Sex Trafficker? Me?

i sat on a comfortable chair in a very nice house as a pleasant breeze blew away the humidity of a humid late spring day and listened to tales upon tales of horror.

Good friends who have picked up their lives and their children to move to Southeast Asia and combat sex trafficking were telling about their work.  The situations they described were terrible:  young girls and boys kicked out of their homes, or abused while in their homes, living on the streets and selling themselves sexually in order to survive.  Men, traveling from all around the world to countries in Southeast Asia as a part of a disgusting, burgeoning industry called “sex tourism.”

Desolation. Despair. Poverty. Powerlessness. And the sort of glimpse into a reality on the other side of the world which made me simultaneously grateful, and embarrassed at my relative wealth and safety in the States.

And yet, it’s not far away at all.

This happens in the States too.

But even more than that, when the husband of this couple turned to me he said: “When you talk to men about pornography, do they understand that it fuels what we are talking about in SouthEast Asia?”

i told him “yes.” And it is a message that, though many tire of it, cannot be ignored and cannot be neglected simply because it seems we have said it so many times before.

If you pay for sexually explicit material, you are supporting the commodification of sex, which makes sex trafficking the billion dollar industry it is — enslaving 27 million people throughout the world.

Even if you don’t pay, but just take advantage of the free material on the internet or somewhere else, you contribute to sex trafficking.  You endorse and encourage the consumption of sex — and really the consumption of other people as a sexual apparatus — which creates a demand for sexual material that must be filled by real people who are in most cases trafficked.

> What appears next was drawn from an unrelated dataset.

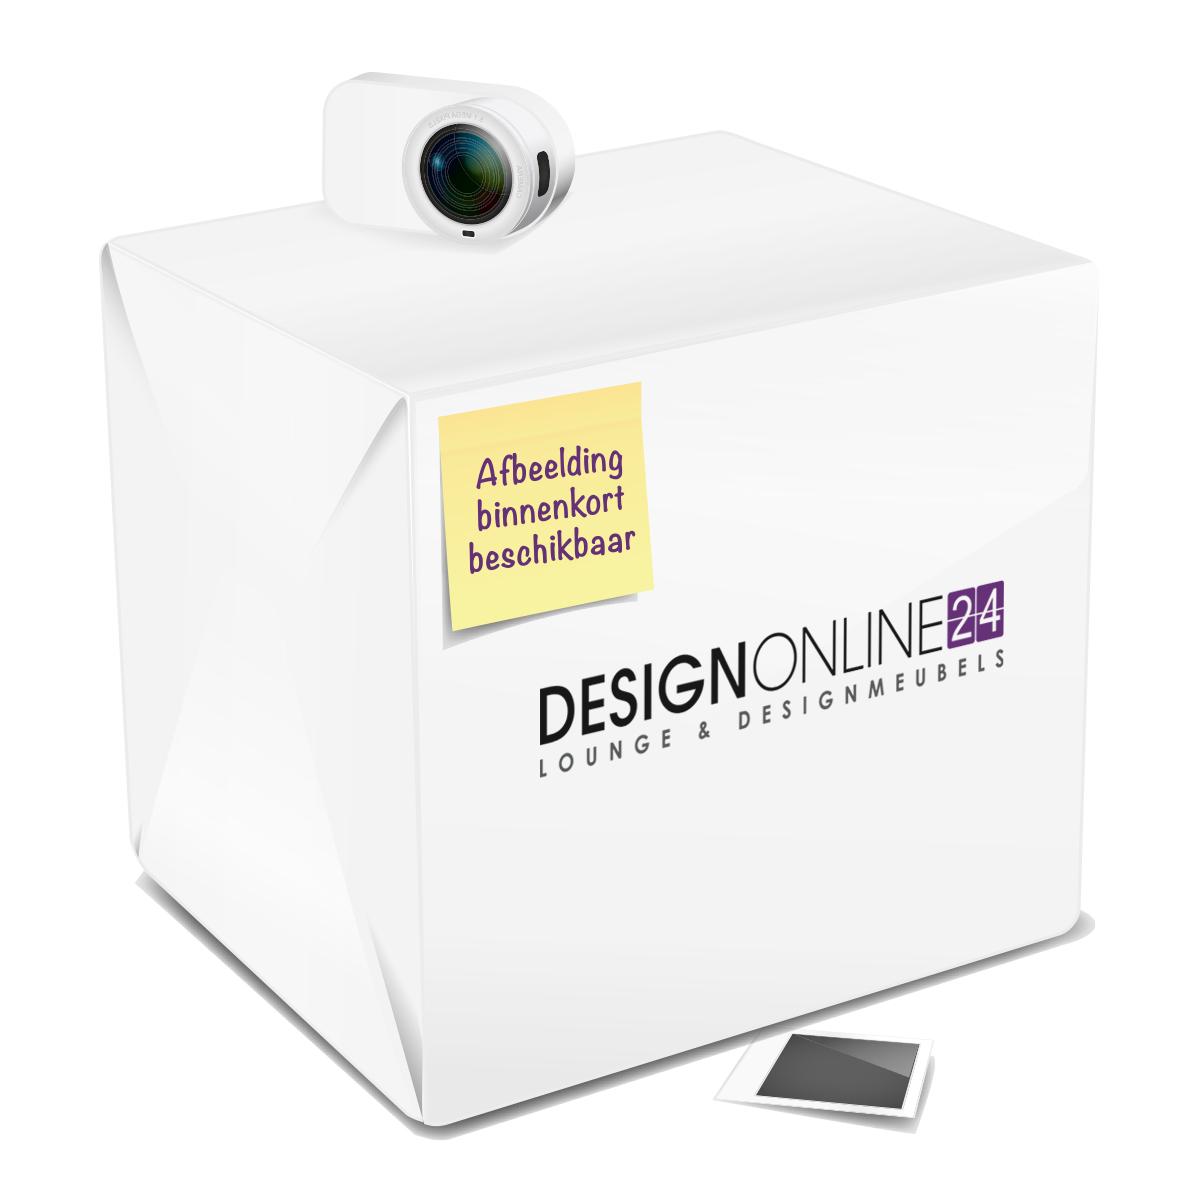 Innovation Slaapbank Cubed 140 Deluxe - Chromen Poten - Mixed Dance 524 - Oranje/Rood
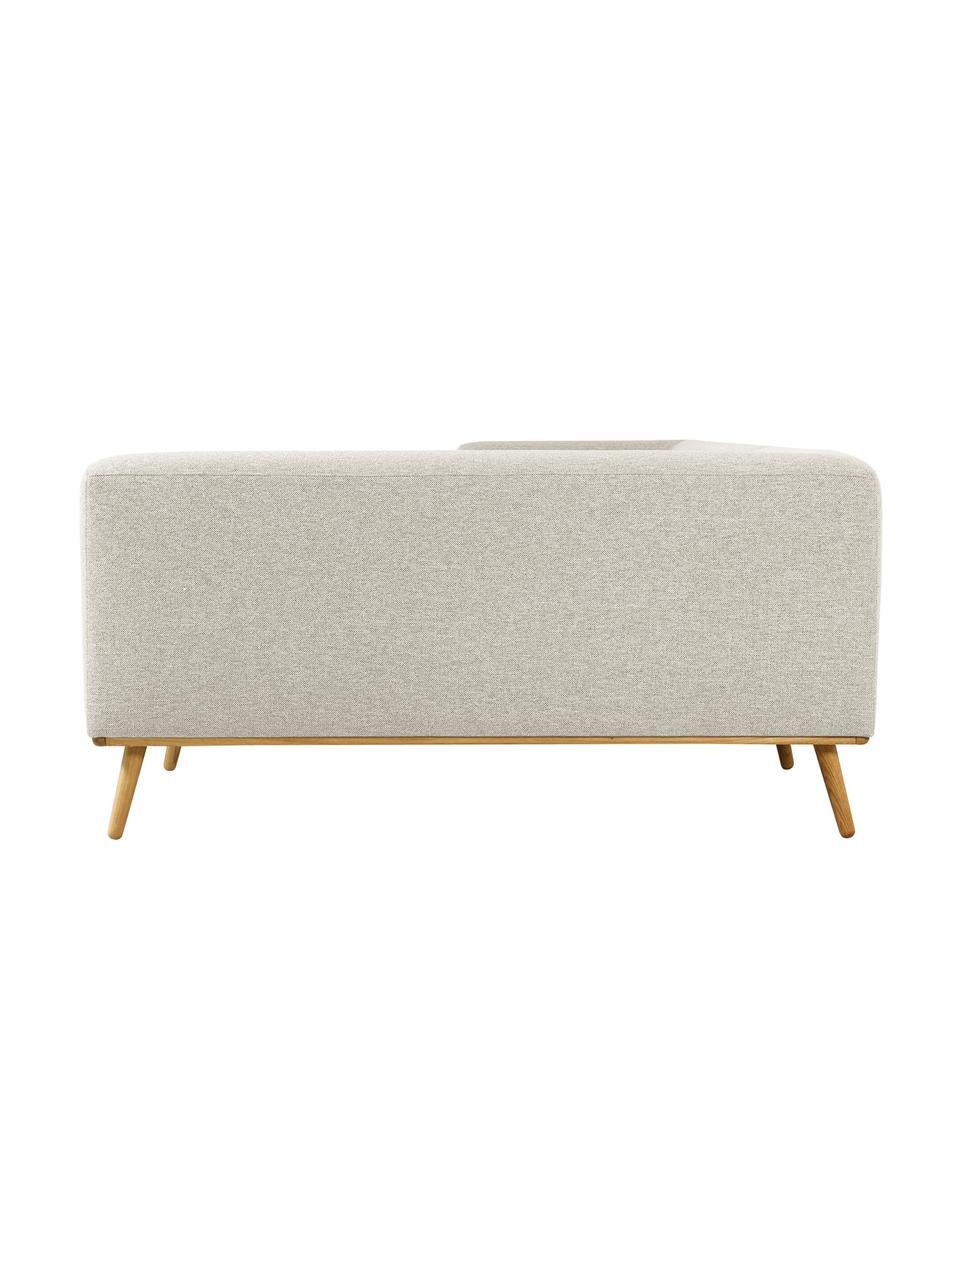 Canapé d'angle beige Archie, Tissu beige

Even if the people in the material you watch are not trafficked, your consumption of porn adds to the overall pornification of society — which is increasingly a global society, really — and that adds fuel to the fire of sexual exploitation.

Are you a sex trafficker?  If you’re into porn — even just a little — then the answer is “yes.”

7 Responses to “Sex Trafficker? Me?”

  1. rrprewett

    Reblogged this on Prone to wander… and commented:
    A simple but uncomfortable truth: even if the men in our lives never go to places like Pattaya, Thailand…even if they never hire the services of a prostitute…even if they never go to a strip club…even if they never pay for porn…if they use porn, even infrequently, they are contributing to and fueling the demand for sex trafficking.

    That is a very uncomfortable fact. Husbands may try to pretend their use of porn “doesn’t hurt anyone” and that their wives are being overly sensitive and prudish. They may insist, “I only look once in a while! Every guy does!” They may try to blame their wives, make excuses, justify and defend…but it’s time wives stopped buying into the arguments of porn-using husbands, and time the husbands faced up to what it is that they are supporting and encouraging every time they log into a porn site.